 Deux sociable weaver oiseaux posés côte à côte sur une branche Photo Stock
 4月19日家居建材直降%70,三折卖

---

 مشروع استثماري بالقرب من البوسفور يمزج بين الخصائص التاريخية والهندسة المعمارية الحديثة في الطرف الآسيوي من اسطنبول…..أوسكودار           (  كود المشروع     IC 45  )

---

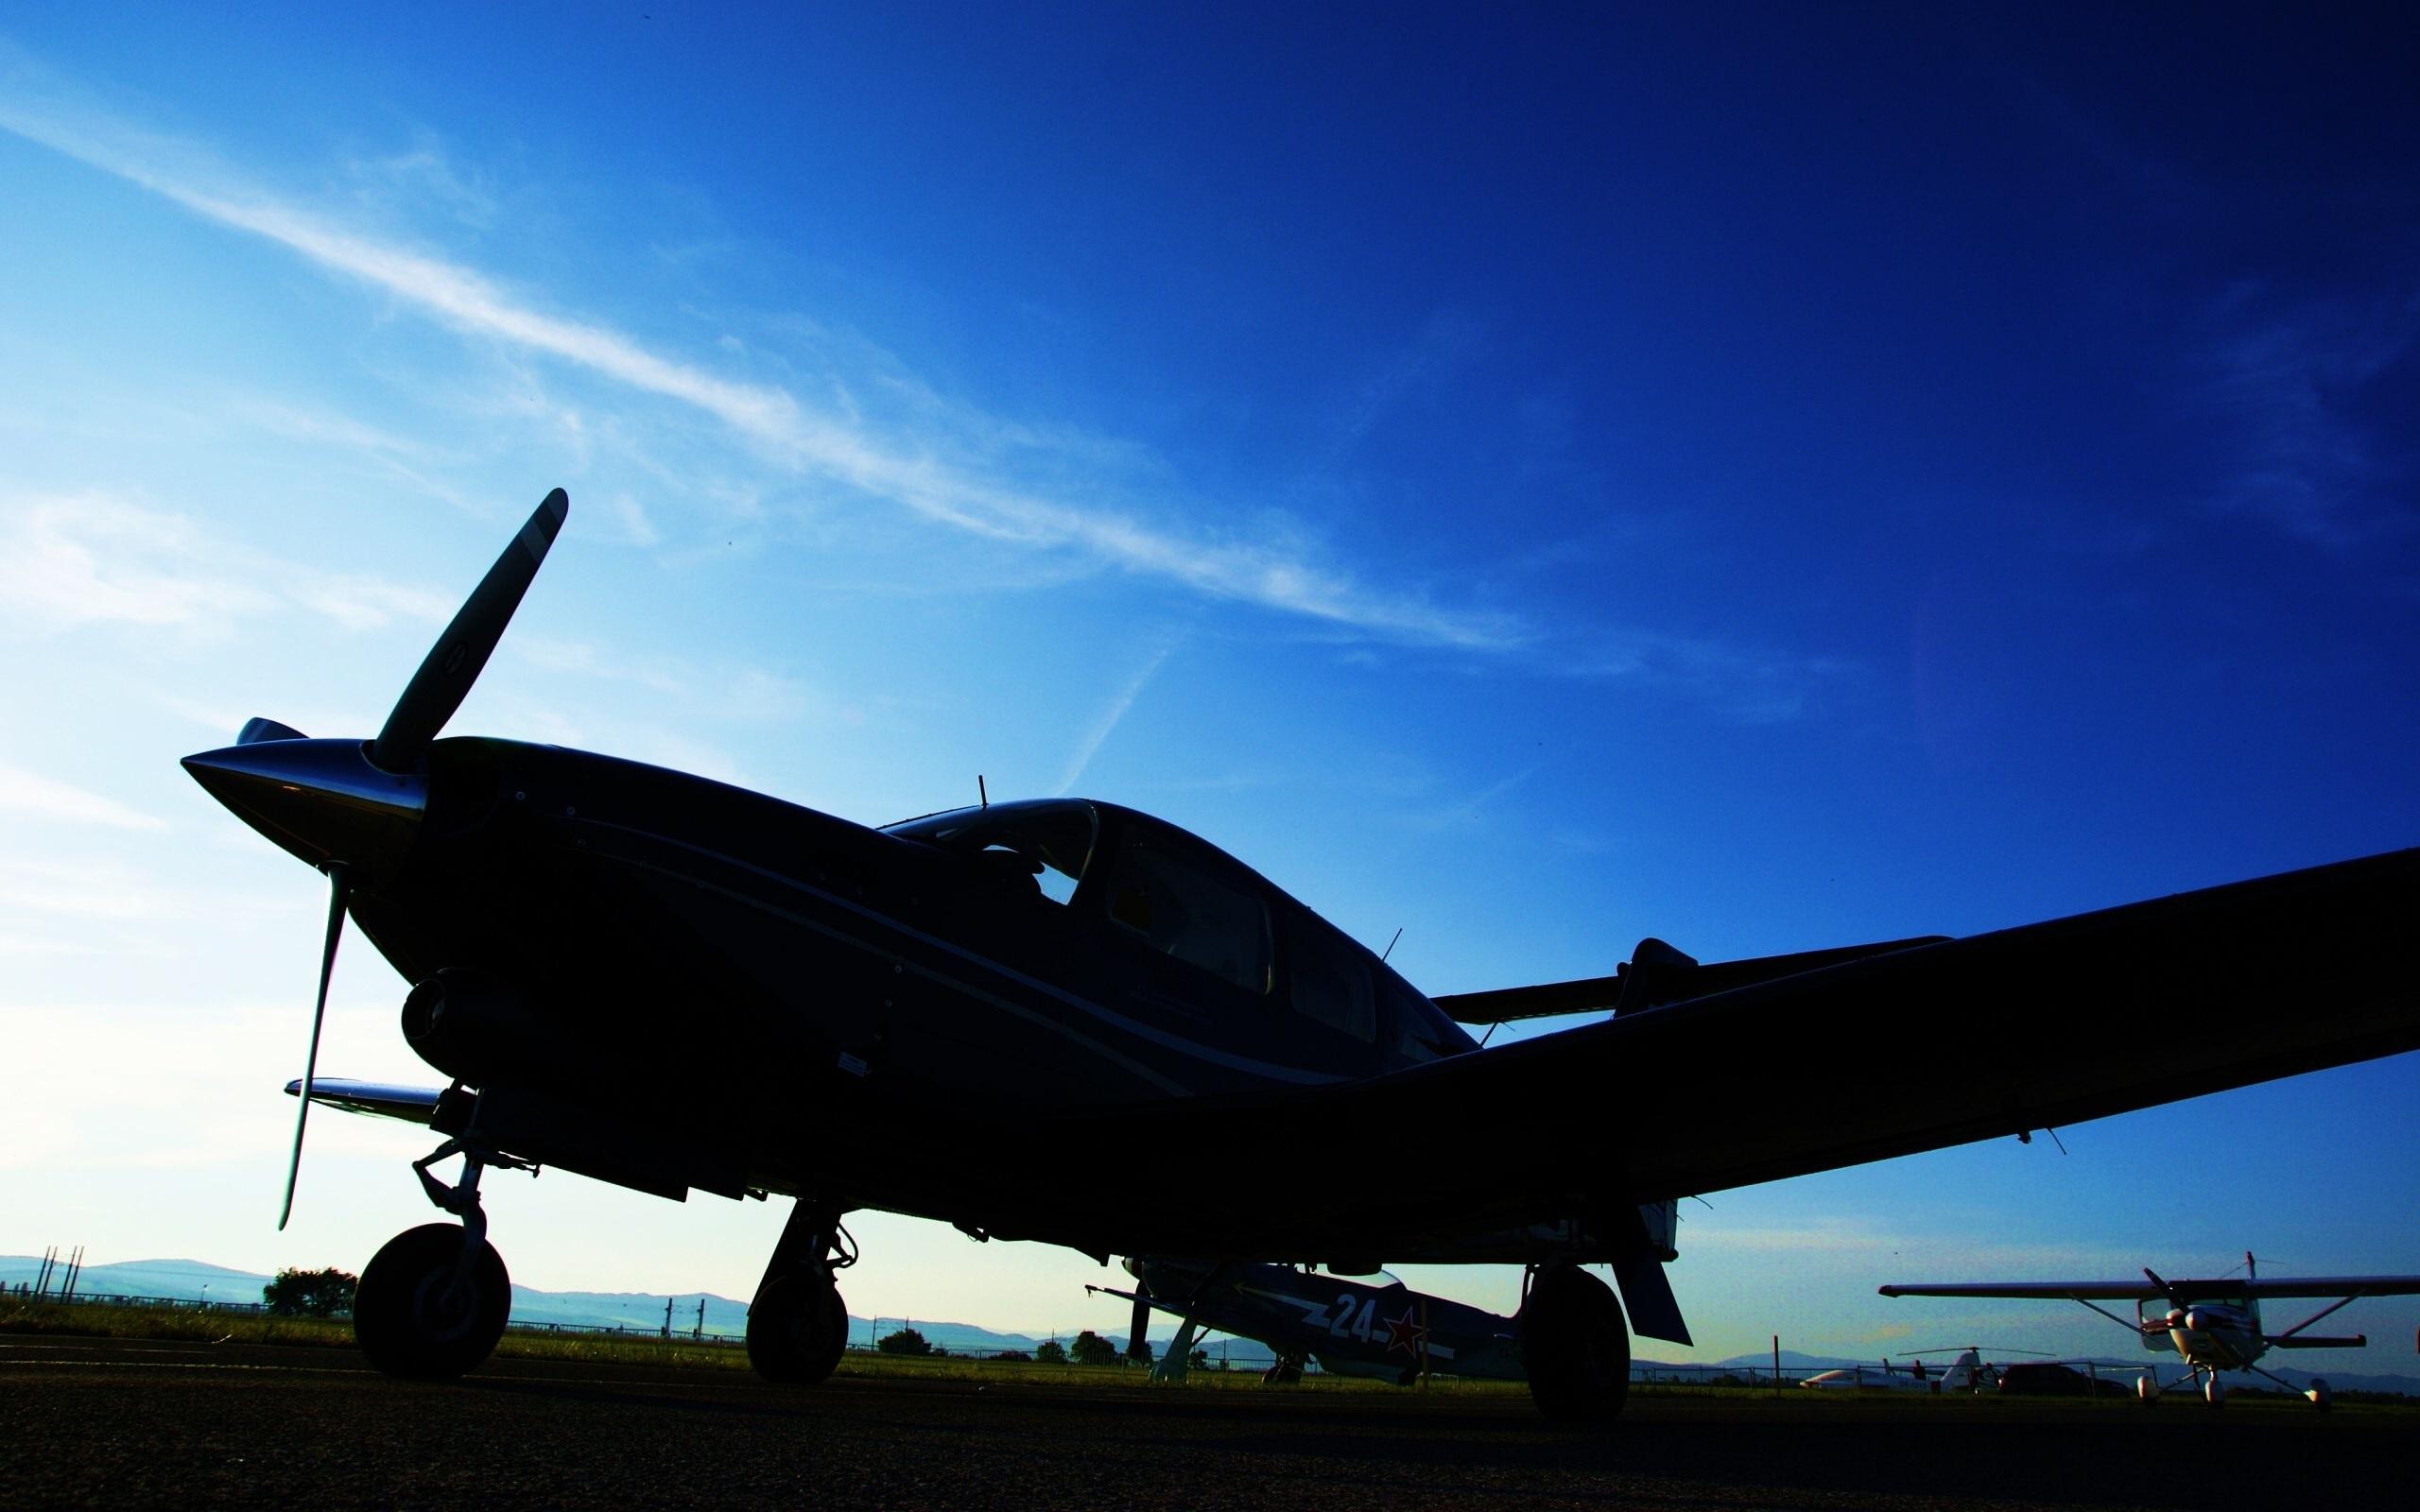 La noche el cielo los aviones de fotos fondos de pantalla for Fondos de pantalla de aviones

◆ **Task statement**: From the data above, output exactly the lines between the one containing "Deux sociable weaver" and the one containing "4月19日家居建材直降%70,三折卖", counting both of them.

◆ **Response**:
 Deux sociable weaver oiseaux posés côte à côte sur une branche Photo Stock
 4月19日家居建材直降%70,三折卖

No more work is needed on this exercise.